Coinmarket is an increasingly popular website where you can follow the movement of individual portfolios. What exactly is coinmarket and why is it so popular? Coinmarket generally uses pairs of currencies that are widely traded on the Forex market, for example, the USD/JPY or the GBP/USD. This gives you the opportunity to track the movements of individual portfolios across multiple exchanges.
Coinmarket also tracks the value of individual coins, both directly and indirectly. The two types of measurement are called market cap and market depth. Basically, the market cap is the standard way of gauging the value of all virtual currencies by their market share in a particular exchange. It’s calculated by multiplied by the daily exchange rate against the daily supply (issued supply) multiplied by the number of outstanding shares. On the other hand, market depth measures the total of all coins in circulation, both in circulation and on hand.
Let’s start with the latter, because market caps and market depth are directly related. The higher the market cap, the more valuable any given virtual currency is. The lower the market cap, the less valuable it is. That’s the reason why there’s always a flood of new, lower quality coins flooding onto the market at some point, since the supply is low and the demand is high.
So what’s going on with the market depth? This is expressed as the difference between the total number of shares in circulation and the total number of coins in circulation. Usually, the left side of the chart has the most bullish trends, as more investors are pushing these currencies up, while the right side of the chart has more bearish trends.

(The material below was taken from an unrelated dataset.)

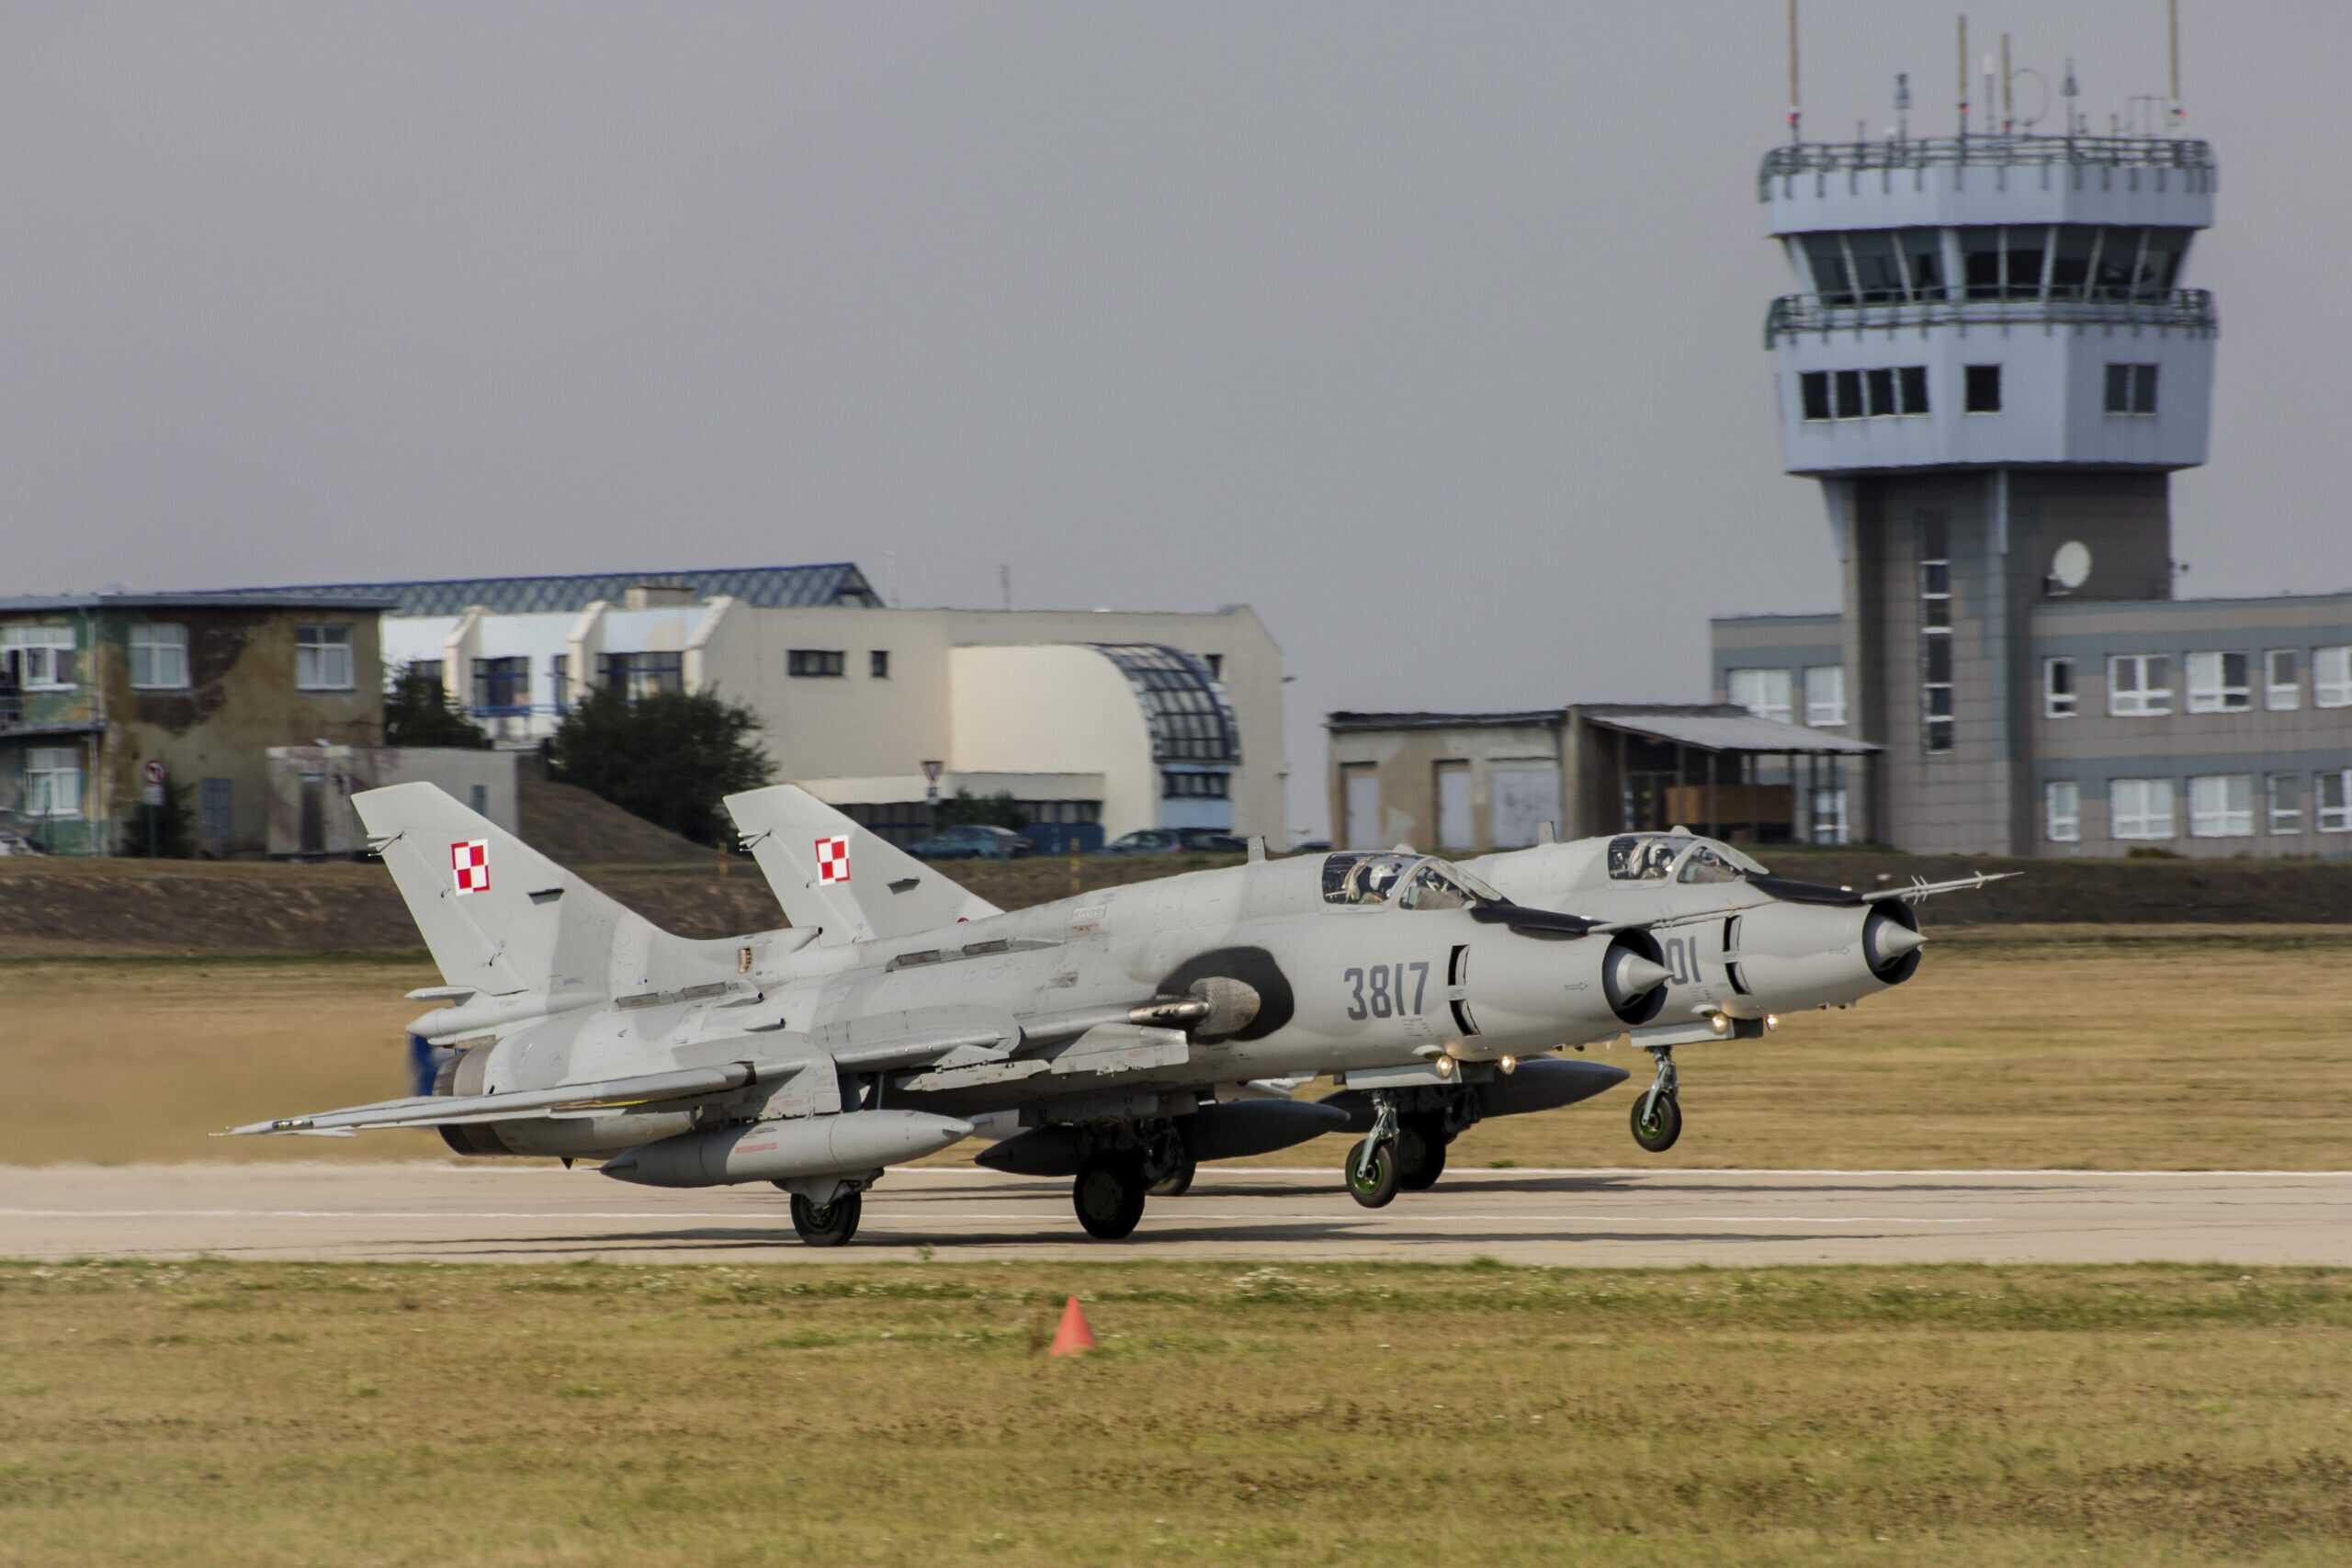 NATO Airfield | Two Polish Air Force Su-22 fighter-bombers at a NATO exercise.

Now let’s look at how we can exploit the bullish and bearish trends to make money on the ethereal network. When you get into the bearish trades, you’re buying up coins that have already reached their sell-by date. This makes you money. You don’t have to hold on to these coins forever, as they’ll lose their value anyway, but you can sell them for a profit when the prices recover.

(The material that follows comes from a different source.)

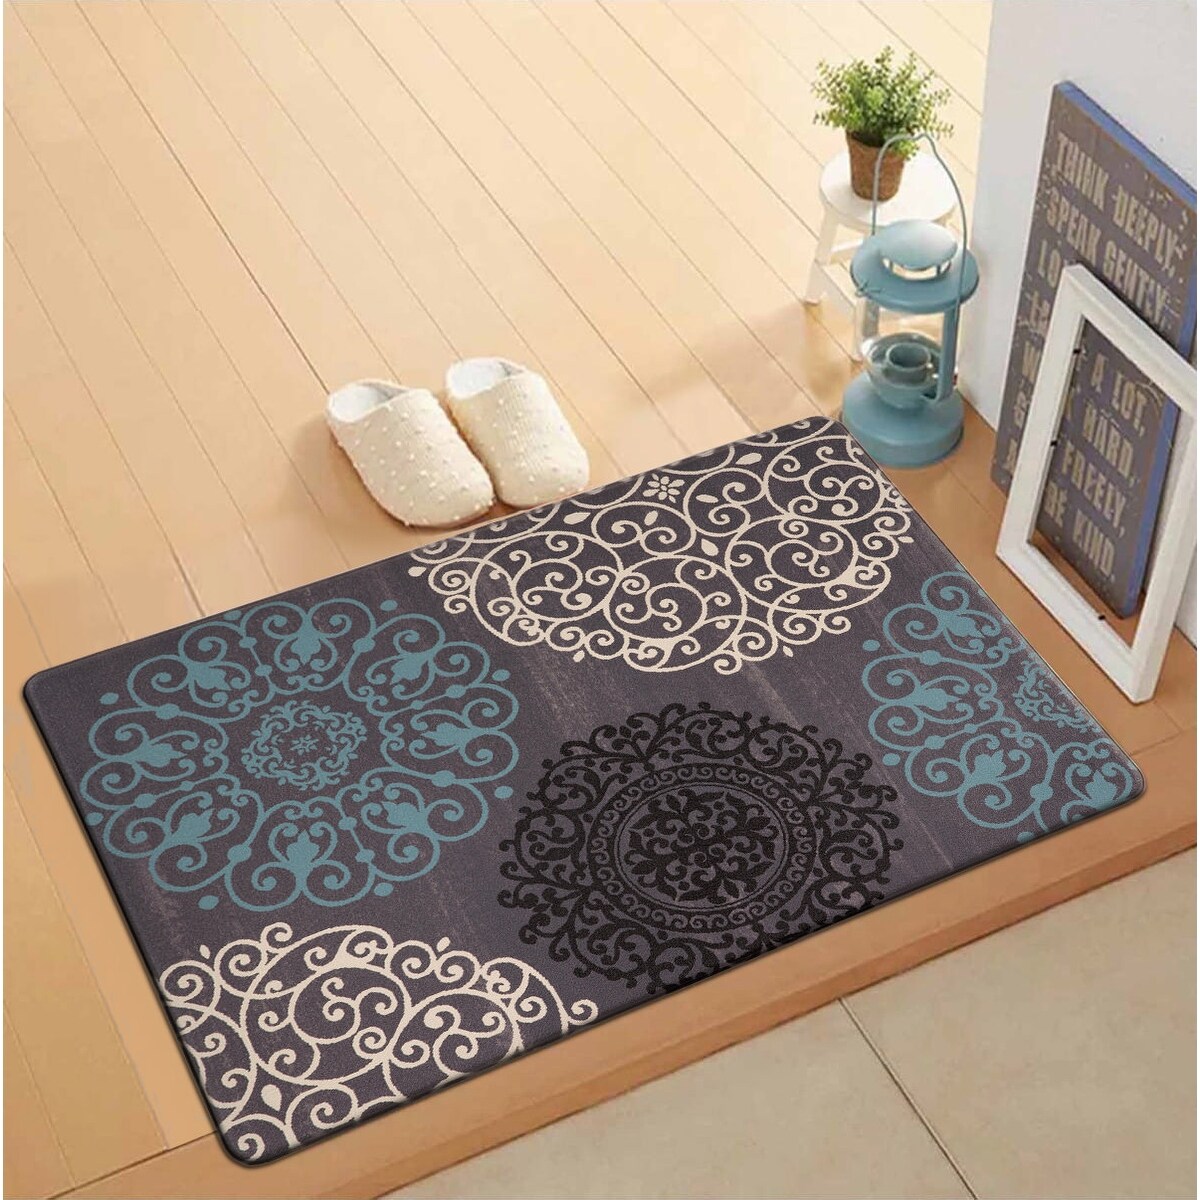 https://ak1.ostkcdn.com/images/products/is/images/direct/fa928446aca18bd2b9eea962feea1f76c81a5a21/Contemporary-Modern-Floral-Anti-Fatigue-Standing-Mat.jpg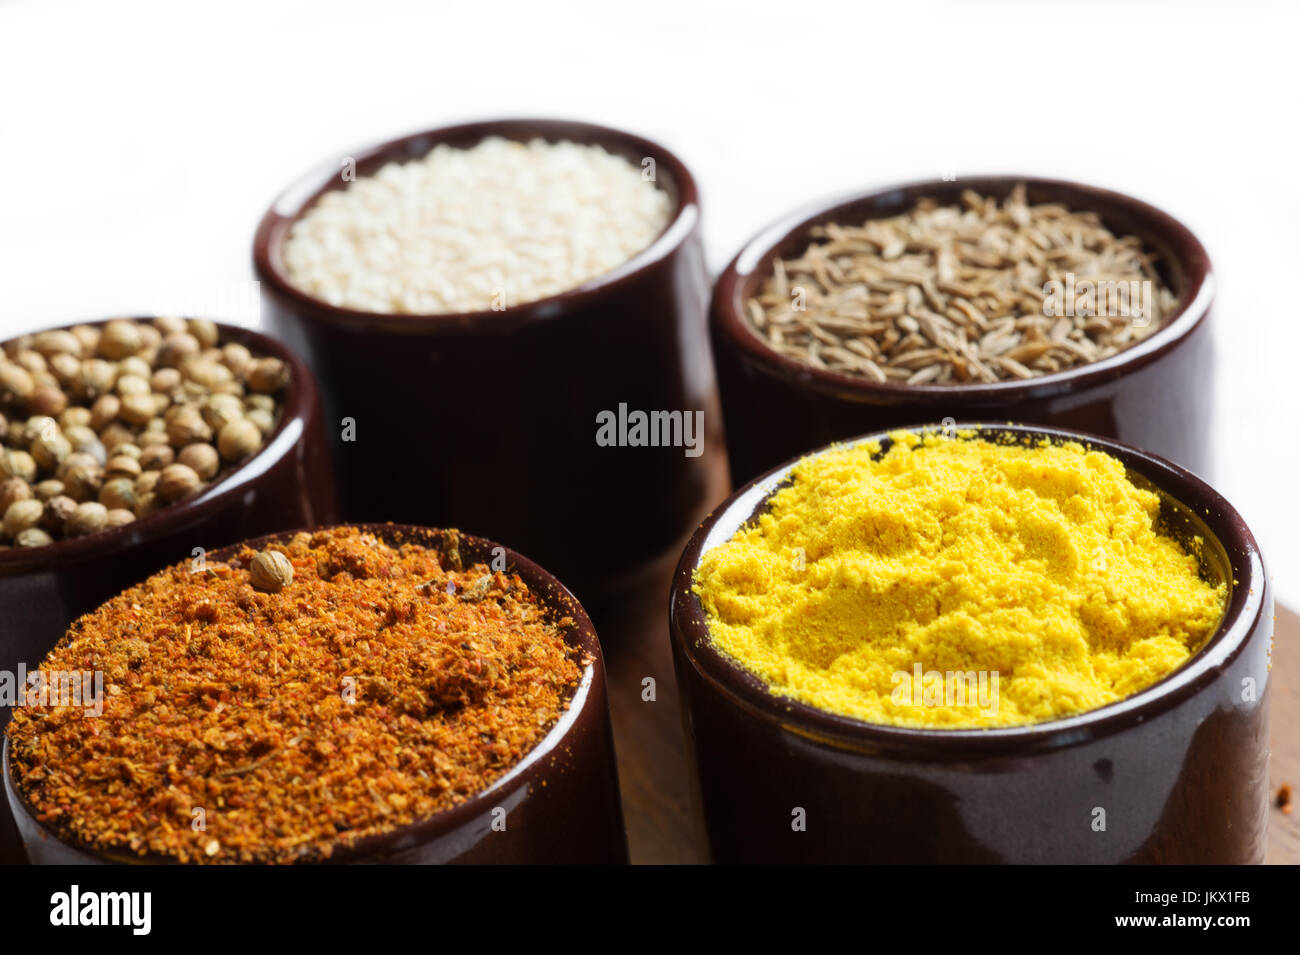 Spices and herbs in ceramic bowls. seasoning. Colorful natural additives. Stock Photo

On the other hand, when you enter the bullish trades, you’re selling out those currencies that have reached their buy-by dates. That makes you money by shedding your unwanted stock. Again, you don’t have to hold onto these coins forever, but you should sell them before the price recovers to its real value. There’s no better way to position yourself than this, as there is a large pool of cheap, quality coins out there that will always be profitable. What you have to do is to look at the market cap of all of the hottest currencies, both in the bullish and bearish terms, and then position yourself accordingly. You don’t want to become a day trader, you want to hold onto the big profits for as long as possible.